Я смотрю на свои немного отмытые и побелевшие руки, шевелю все еще детскими, не огрубевшими пальцами! Сложное и такое удивительное устройство! Тонкая, нежная кожица, гибкие, чувствительные пальцы. И такие послушные. Они уже многое умеют и многое сделали — до войны десятки лодочек, корабликов, моделей самолетов, луков и стрел, пистолетов на резинке, настольную лампу и даже педальный автомобиль. На левой руке пять белых шрамчиков, на правой три. От ножика, от стамески, от ножовки. А как они ловко разобрали и собрали забарахливший затвор «Фотокора»!

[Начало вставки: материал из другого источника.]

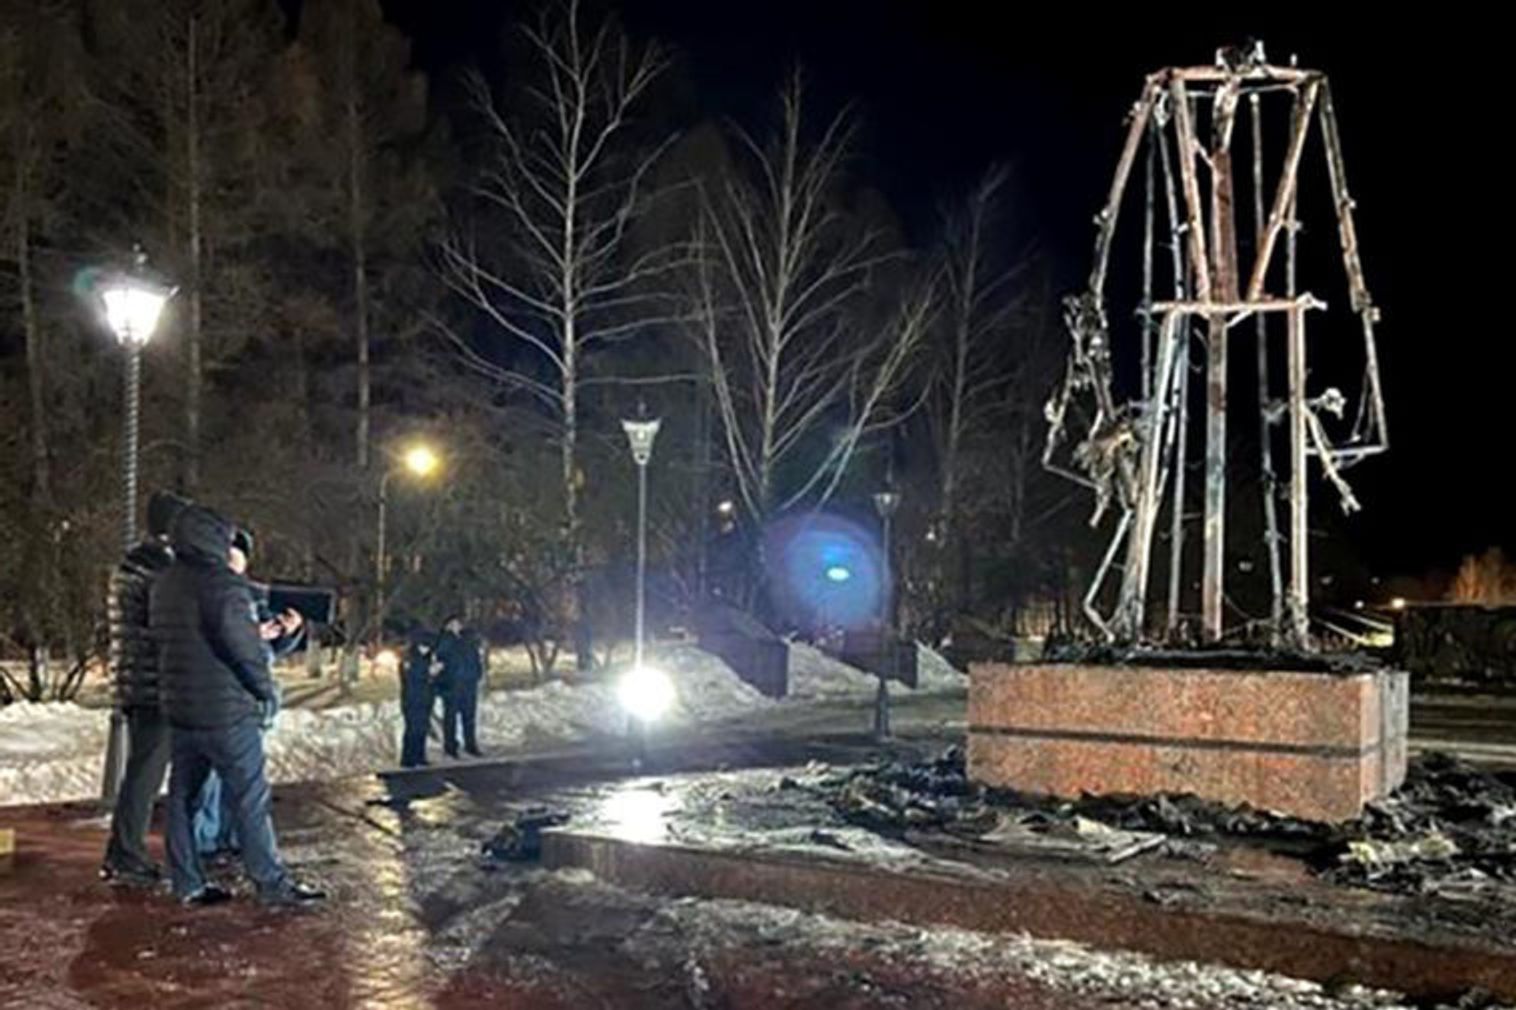 У Татарстані згорів пам'ятник Воїну-визволителю ВВВ, виготовлений з «вогнетривкого матеріалу». Він простояв менше року

В последние три месяца они двоим остановили кровь, перекидали десятки гранат и впихнули в казенник больше шестисот снарядов, которые били на прямой наводке, с сотен метров, иногда с десятков. Не откуда-то из-за реки или из-за леса. Не для испуга, а для дела. И если хоть каждый десятый из этих шестисот зацепил хоть одного фрица, то на четверых...
Опять идет мордастый парень. Я отворачиваюсь, но он молча ставит рядом со мной на ящик две тарелки и уходит. В одной тушеная капуста со шкварками и два куска жареного мяса, в другой — хлеб и немецкая пивная кружка с кофе и молоком. Ножичком я откалываю от ящика щепку, выстругиваю из нее лопаточку и ем. Ложки-то нет, погибла героической смертью.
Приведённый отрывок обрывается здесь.